The new category would indicate that the virus was circulating at a very high level. People traveling from dark red areas could be required to do a test before departure, as well as to undergo quarantine after arrival. Non-essential travel in or out of these areas would be strongly discouraged.

The EU has underlined that it is anxious to keep the single market functioning especially concerning the movement of essential workers and goods, von der Leyen described this as of the “utmost importance”. 

The approval of vaccinations and the start of roll-out is encouraging but it is understood that further vigilance is needed.

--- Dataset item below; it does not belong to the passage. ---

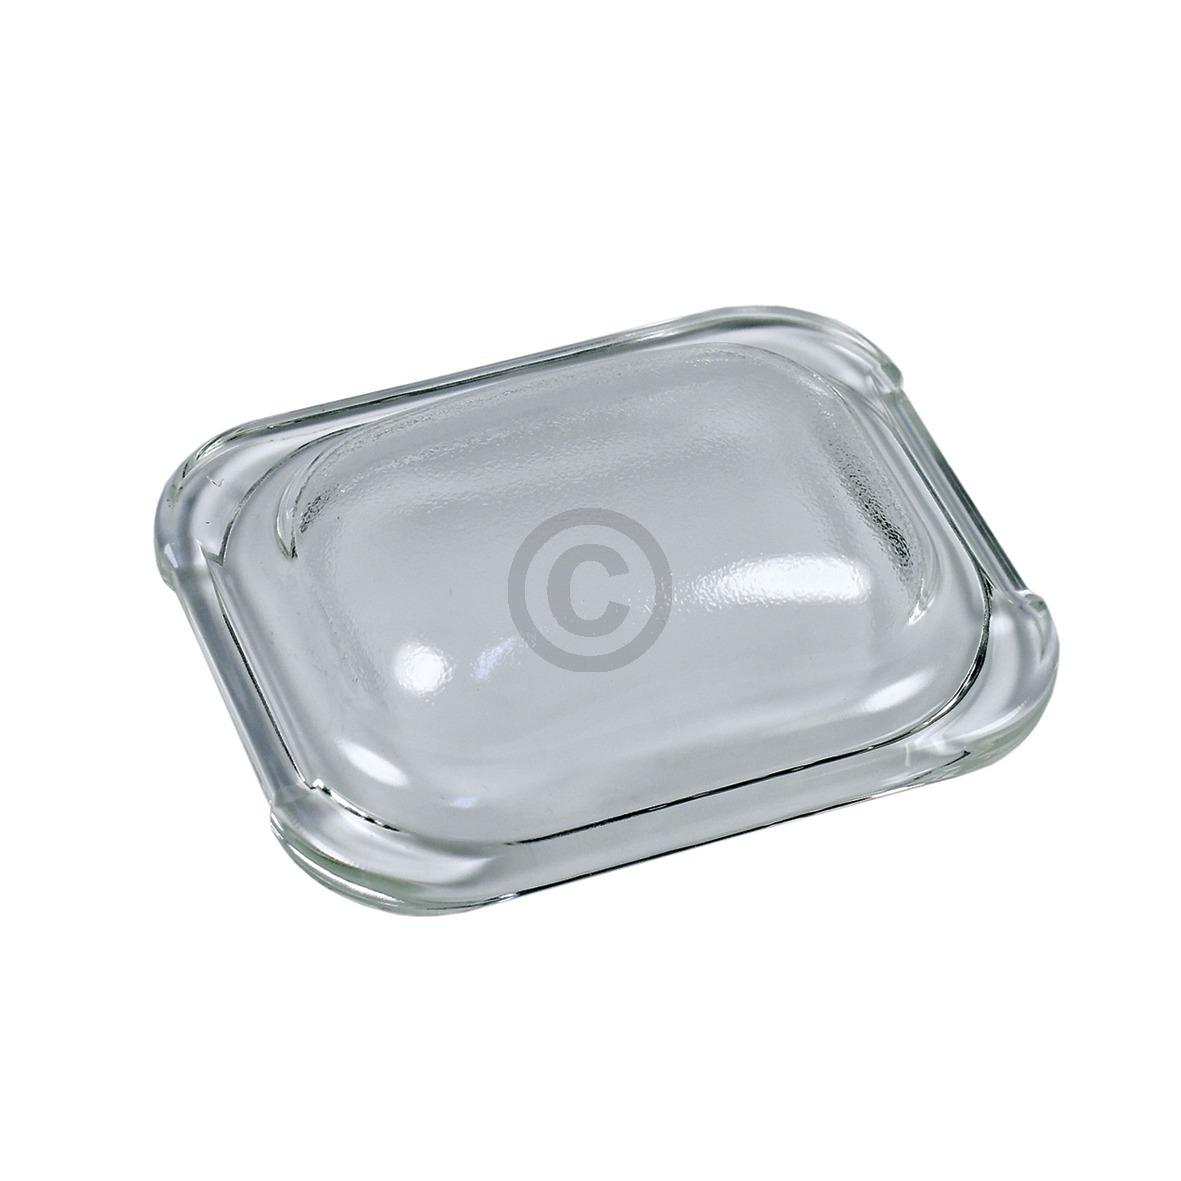 Lampenabdeckung 110x88mm, Glas 00187384 187384 Bosch, Siemens, Neff

Some states which are more dependent on tourism called for the use of vaccination certificates as a way to open up travel. The leaders debated the use a common approach and agreed that the vaccination document should be seen as a medical document, rather than a travel document - at this stage. Von der Leyen said: “We will discuss the suitability of a common approach to certification.”

Member states agreed to a Council recommendation setting a common framework for the use of rapid antigen tests and the mutual recognition of COVID-19 test results across the EU. The mutual recognition of test results for SARS-CoV2 infection carried by certified health bodies should help facilitate cross-border movement and cross-border contact tracing.

The common list of appropriate COVID-19 rapid antigen tests should be flexible enough for addition, or removal, of those tests whose efficacy is impacted by COVID-19 mutations.